I didn’t realize how addicted I had become to curling up in bed with my laptop until my laptop decided to not connect to the internet anymore. It has now become an expensive personal TV on which W can watch Peep and the Big Wide World, which we practically have on permanent loan from the library. (Peep and the egg, that is. Neverevenmind the others.)
Have you ever reached the end of a day and not been able to summon up even a fleeting memory of the past several hours? I might not have noticed had I gone to bed instead of sitting down at the computer to document those hours… they did involve an asparagus frittata, something I hurriedly (and frustratingly, when asparagus is woody and close to the price of platinum) had to test for a spring issue of something or other, so dinner was taken care of early. (W thought it was the Most Revolting Thing Ever, so I made him a pita pizza – first boiling up some cauliflower I had in the freezer which I whizzed with my hand-held immersion blender with some tomato paste and a pinch of Italian seasoning into something I could spread thickly between the whole wheat pita and mozzarella cheese.)
I am loving all of your comments, by the way. I read them all. If I’m slow to reply it’s because I am minutes away from hauling this computer out the window, which may very well be my upper body workout for tomorrow. Beside me is a brand spanking new iMac, waiting for me to get up the nerve to take it out of its box and start learning new programs and transferring files. I’m sure rage burns calories? I remember reading about how fidgeting burns an extra several hundred calories a day – I have actually tried to be a fidgety person. It doesn’t work.
You make great points and have great ideas. I’m not against pulling together a little group so that we can all meet in 3D, if enough of you think it would be fun or helpful or just an excuse to get out of the house. We could call it Book Club. Everyone gets a free pass to go out for book club, right? If you’re into it say so, and I’ll see if I can’t nab the community hall or something.
My sister is going forward with this weight loss thing too. She’s a single mom of three kids and a (more than) full time teacher, and has the most stressful life and busiest schedule of anyone I know. She plans and budgets and schedules everything. We sat down a couple weeks ago and had a little pep rally – she had made up her mind to do this thing, to make it a priority, and we chatted for hours about how we felt and what worked and what hindered our progress. Her kids rolled their eyes at us. We came up with meal ideas and she filled her freezer in a preemptive strike against end-of-the-day hunger and crankiness. I’m happy to report, although I have not been authorized to reveal numbers, that the new scale she bought at the Linens and Things closing-out sale is moving in the right direction.
Tonight as we briefly compared notes we agreed that evenings are the worst; mornings are easy but either of us could easily graze from pre-dinner to bedtime. So I decided that considering a) this is the most important thing for me to accomplish right now, b) if I sit on the couch and watch TV all night (which never happens for either of us except on Thursdays when I watch The Office and she watches the Amazing Race), I am officially being productive. Both of us, as I’m sure a great many of you can relate to, possess this inner need to be accomplishing something at all times – I hereby consider reading and TV watching and napping to be productive if you’re doing it without unnecessary snacking.
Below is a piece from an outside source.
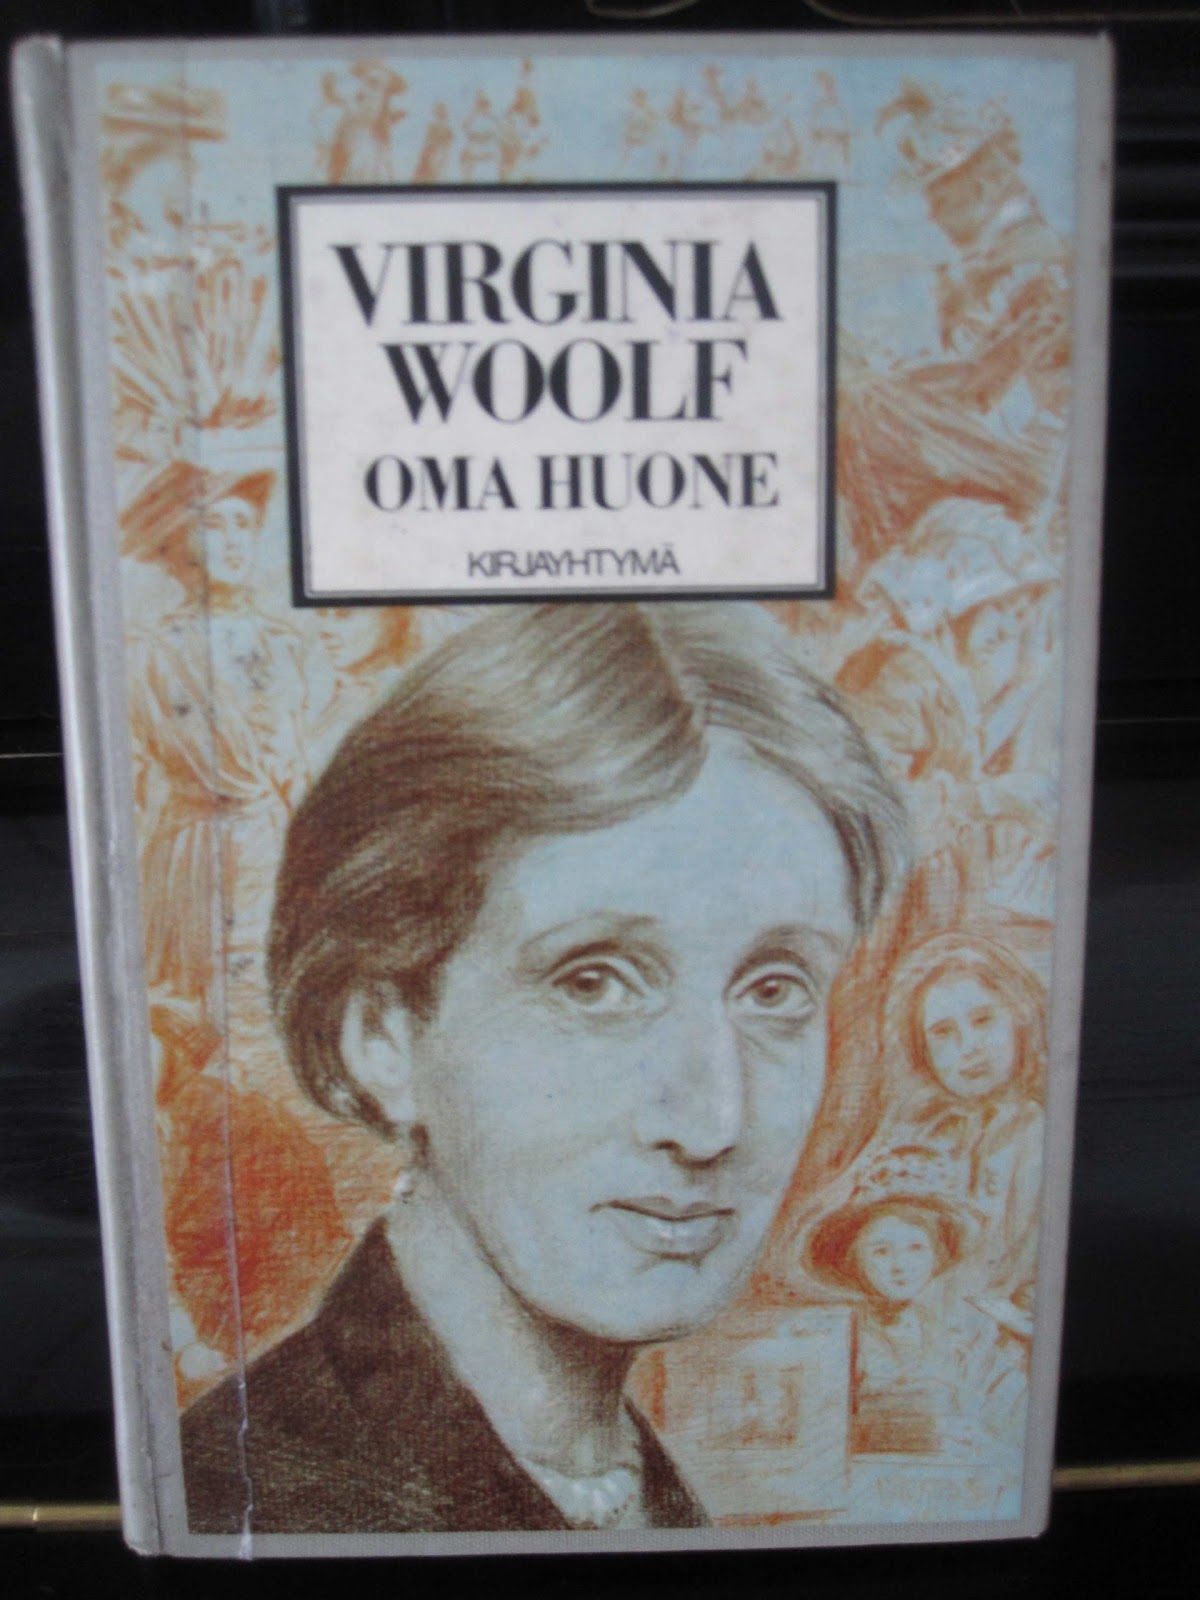 Virginia Woolf Oma Huone

(That whole not eating after 7pm thing, by the way? It has nothing to do with timing – although it seems to make sense to not eat before bed, it doesn’t really make a huge difference when you take in those calories, so long as you eat regularly and include breakfast. Think of how late they eat dinner in Europe! It’s effective because the vast majority of us eat the vast majority of our calories in the evenings, and if we cut out any snacking we might otherwise do between dinner and bed, we’d take a big chunk out of our daily consumption.)
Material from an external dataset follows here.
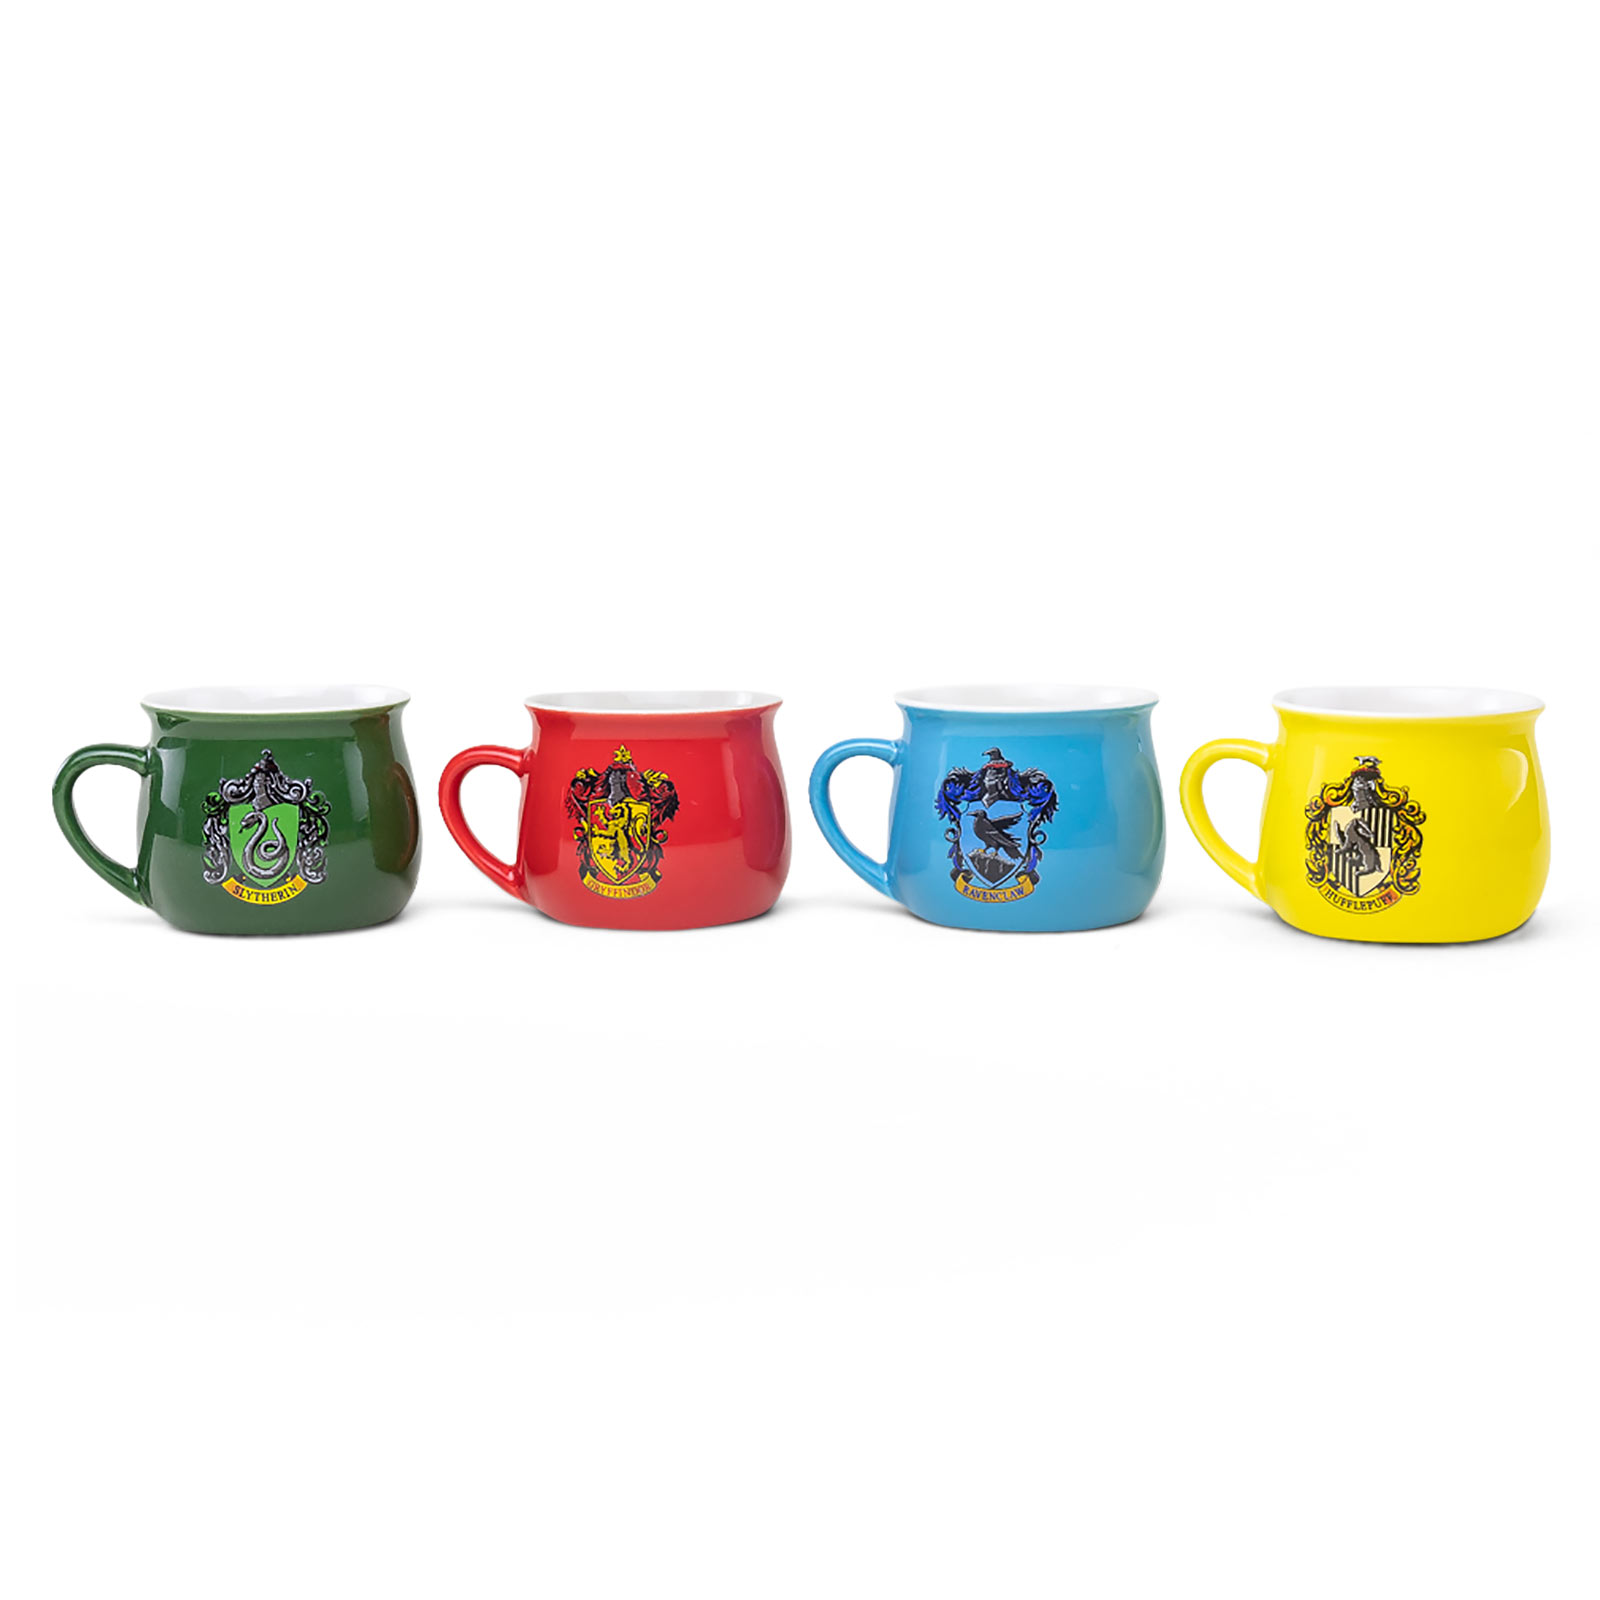 Harry Potter - Häuser Wappen Tassen-Set

I’ve had a lot of you ask about my eating plan. I’m trying to give you an idea in as real-life terms as possible – plan enough that you aren’t left scrambling when you’re tired and hungry, but not so rigidly as to not allow for moods and occasions and curveballs the day may throw you. I don’t believe in weighing and measuring and calculating everything that goes into my mouth. It makes food too clinical, and scary. It isn’t something I want to do every day for the rest of my life. I understand what’s good for me and what isn’t, and we all know – don’t we? – what to do in order to lose weight. Every time someone asks me “how I did it” I tell them by eating properly and exercising. And virtually every time they look disappointed and say “well I know that!” Although it isn’t easy, it isn’t that complicated. In fact, most of us could free up a lot of grey matter if we would just stop thinking about it and start doing it already. Yes, it’s hard. No, it’s not fair that some people can eat whatever they like and yet don’t have an extra ounce on them. (But I’ll bet they are not without their own struggles.) And it’s important, I think, to remember that although life isn’t fair, it’s generally unfair in our favour.